AIがアルゴリズムの学習に使用されていない作品のほぼ同一のバージョンをランダムに生成した場合、著作権侵害の問題は一変します。AIが作品のバージョンを一度も見たことがなければ、著作権を侵害することはできません。

ハンド氏は、二人の著者が偶然に同じ作品を創作するという「独立創作」という概念に言及していた。「このようなケースは滅多に見られませんが、AIがサンプルセットに作品をコピーしたことがないという仮定の下では、著作権侵害には当たらないはずです」とサイード氏は述べた。

何のために?

サイード氏によると、すべてのケースは侵害者の目的によって決まり、弁護士は被告に対し、最初からその目的を明確にするよう助言することが多いという。(アルファ氏はギズモードの取材に対し、「私はただクールな技術を見せようとしているだけの人間です」と語っている。)サイード氏は、thisfursonadoesnotexistが自らを「プロジェクト」と呼び、そのURLを通じてAIの仕組みを示すために作成された以前のプロジェクトを参照しているという事実から、フェアユースの認定を受ける可能性が高いと述べた。
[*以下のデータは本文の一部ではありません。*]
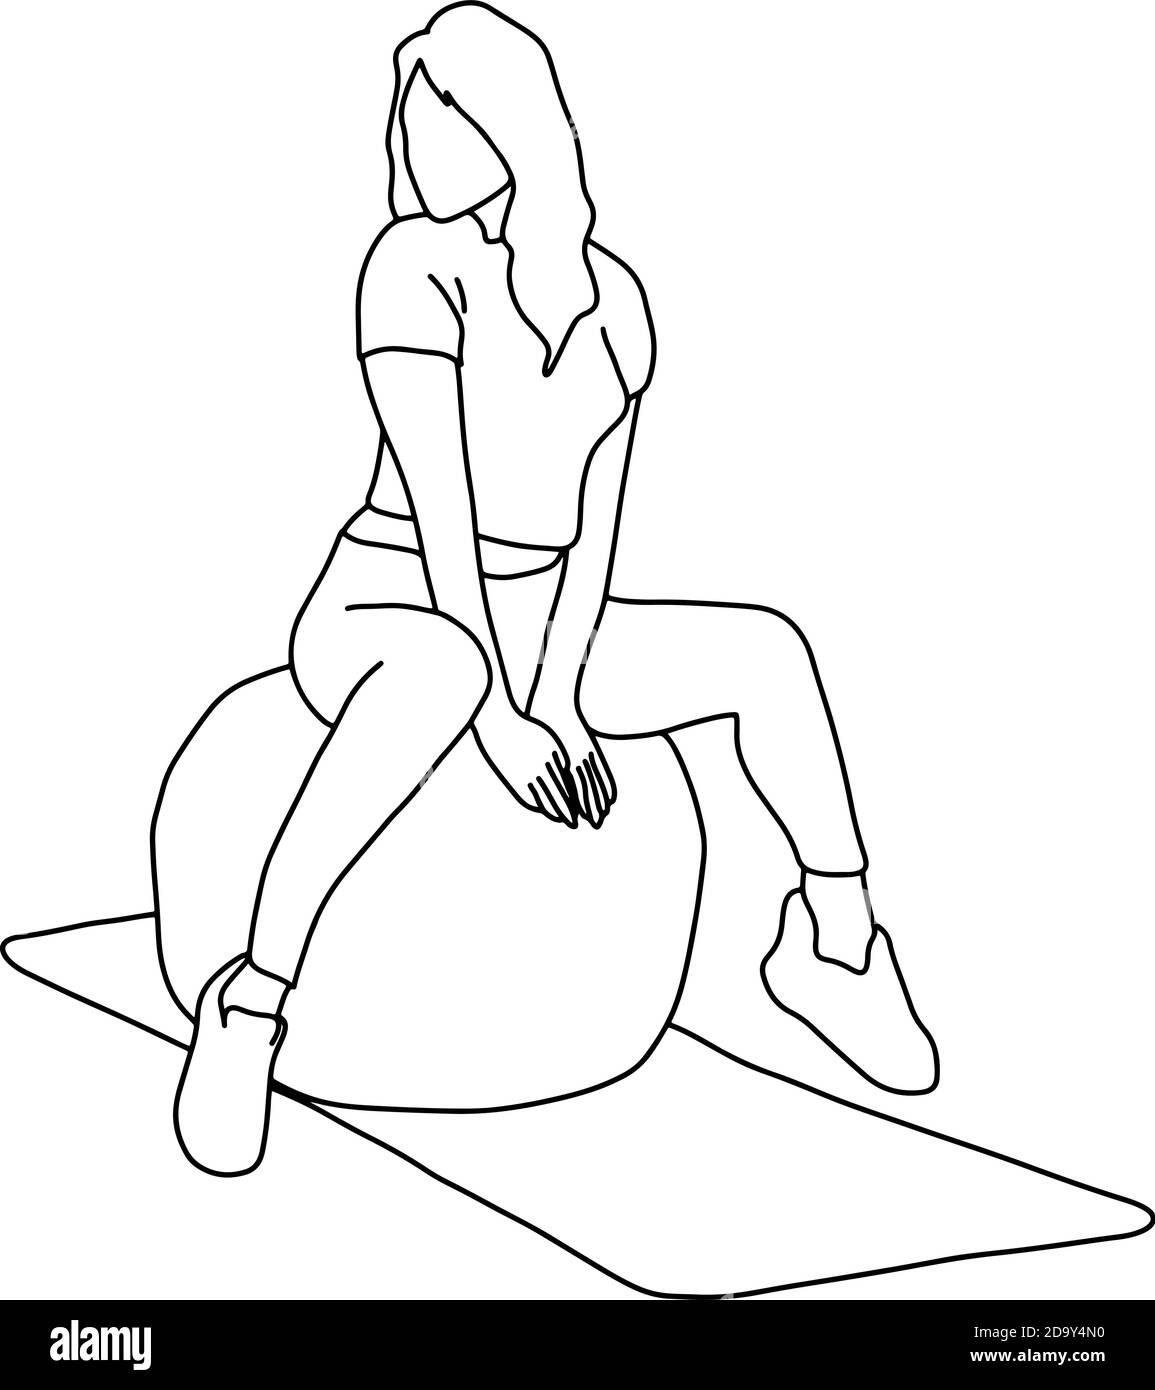 Frau sitzt auf Fitness-Ball in Turnhalle Vektor Illustration Skizze doodle handgezeichnet mit schwarzen Linien isoliert auf weißem Hintergrund Stock Vektor
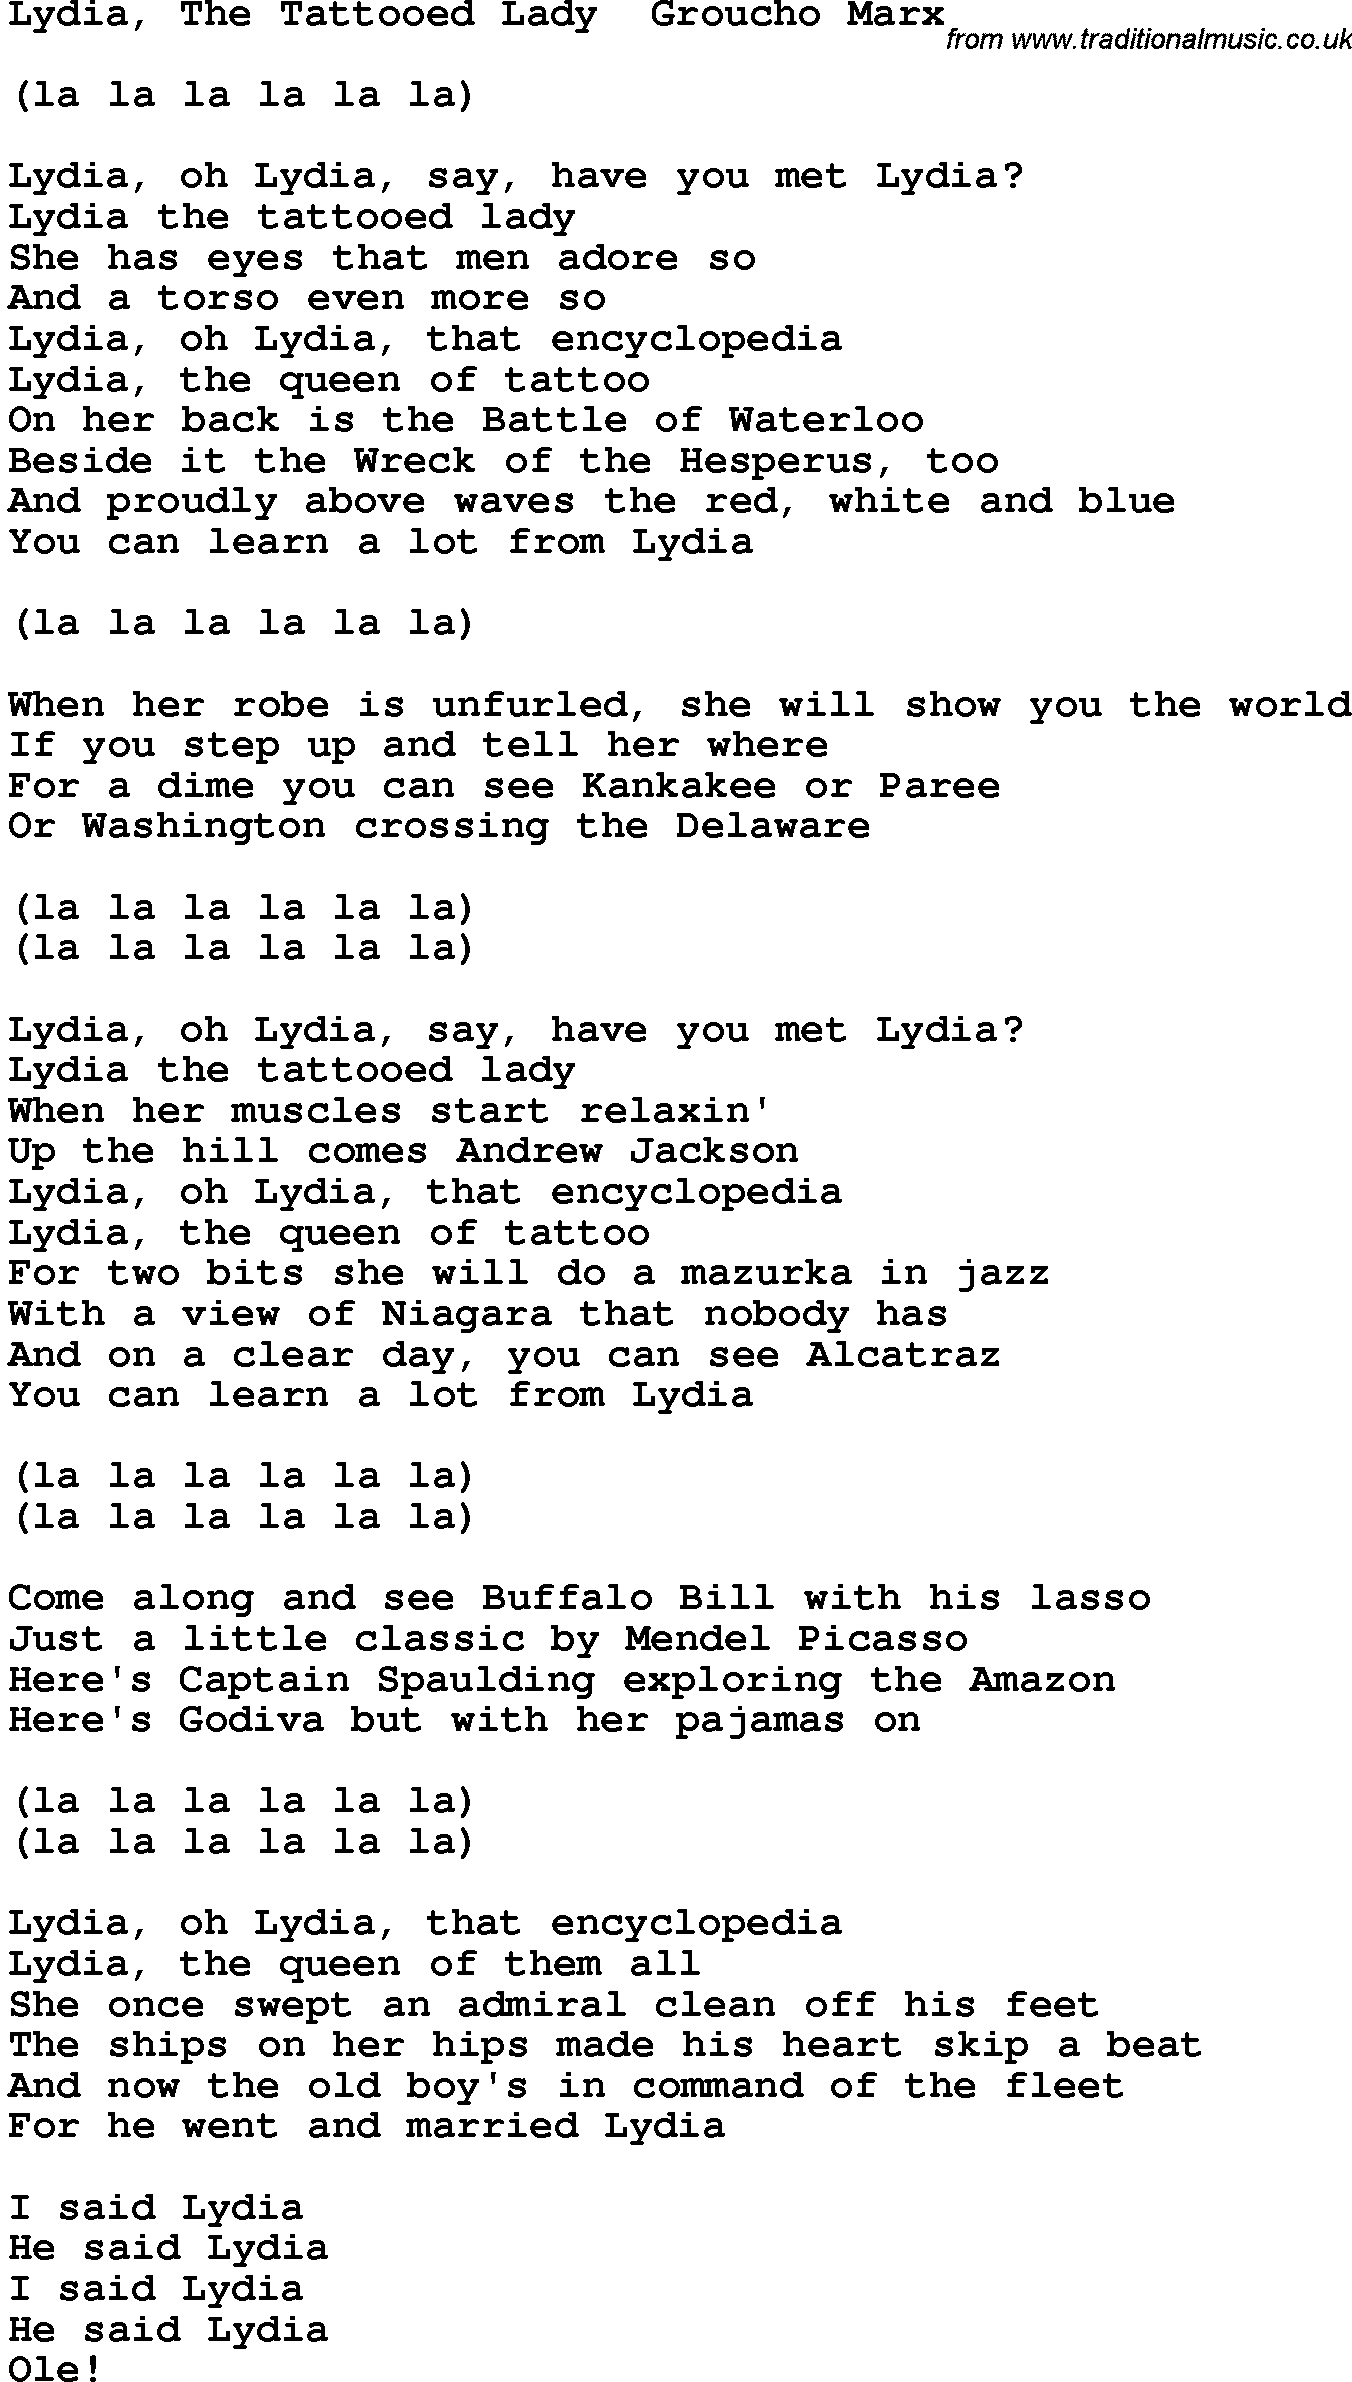 Novelty song: Lydia, The Tattooed Lady Groucho Marx lyrics

「このプログラマーが、人々がファーリーアーティストに習慣的に支払っていたライセンス料を支払わずに済むような広告やダウンロードをサイトから販売していた、つまり需要を奪っているという事実があれば、被告にとって状況は悪化するでしょう。」

「著作権を侵害するコピーに対して料金を請求しない場合でも、市場に多大な損害を与える可能性がある」と彼は付け加えた。

しかし、ファーリーファンダムで高く評価されているアーティストに取って代わるには、AIが生成したデータベースだけでは不十分でしょう。商業企業は過去にファーリーを収益化しようと試みて失敗しており、今後も試み続けるでしょう。また、この「ファーリーの創造物」を真に受け、人格を削ぎ落とした要素の塊として捉え、改良や遊びのためのインスピレーションとして再利用する企業もあります。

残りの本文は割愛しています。